| Agreed. The fundamental flaw of SIMD that _SHOULD_ be discussed, is branch divergence. Because of the way SIMD is designed, its probably hopeless for branch divergence to ever be solved. The wider the SIMD, the more branch divergence messes up your performance. The narrower the SIMD, the less it matters. CPUs have a form of branch-divergence slowdowns when branches are hard to predict (CPUs try to execute the future branch in parallel with the current code). So I guess branch divergence affects all code. But... GPUs are especially harmed by branch divergence, even more so than any CPU would be. --------- This is different from the "fixed width" SIMD that is discussed in the blogpost. Any chosen width will have branch divergence. GPUs don't really have a fixed width though.

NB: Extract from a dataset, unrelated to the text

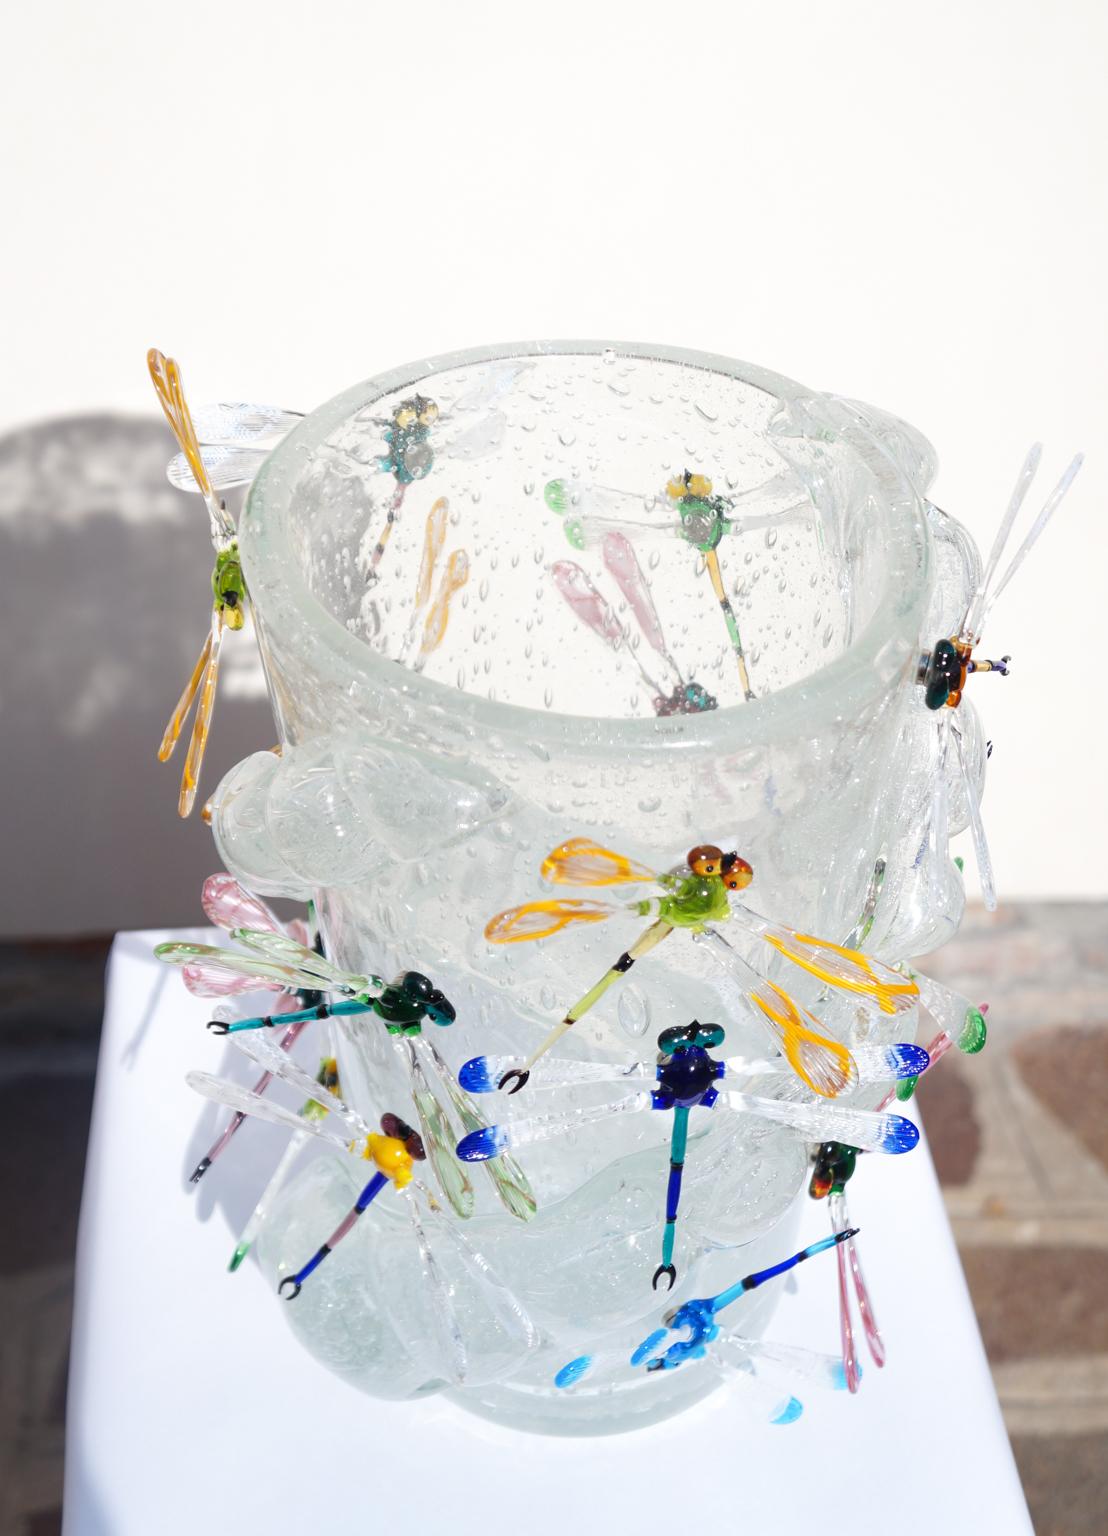 Costantini Diego Modern Crystal Pulegoso Made Murano Glass Vase with Dragonflies For Sale 5

Through the magic of thread barrier commands, you can have anything from the native wavefront / warp width (32 on NVidia), all the way to 1024-wide thread groups. But the advantages of very-wide groups is that 1024-at-a-time is sometimes easier to think about than 64-at-a-time. You really should just choose the width that makes most sense to your problem. Ex: 32x32 pixels is 1024-wide, while an 8x8 group of pixels is handled 64-wide. |
Using SIMD primitives that force me to pack my own vectors and handle all the divergence edge cases manually makes me want to stab my eyes out. Trying to get "CPU-style" auto-vectorization engines to infer vector semantics from a fully scalar program makes me want to stab my eyes out. Using "GPU-style" (NVidia calls it SIMT) auto-vectorization, which infers vector semantics by sweeping a kernel input parameter, is a breath of fresh air.
I get that hardware people want to focus on the hardware, not the programming interface, but the amount of good hardware that sank for want of a good programming interface is truly mind-blowing. Normally I wouldn't have expected 90% of an industry to repeatedly shoot itself in the foot for decades, but from an outsider's perspective that seems to be exactly what happened.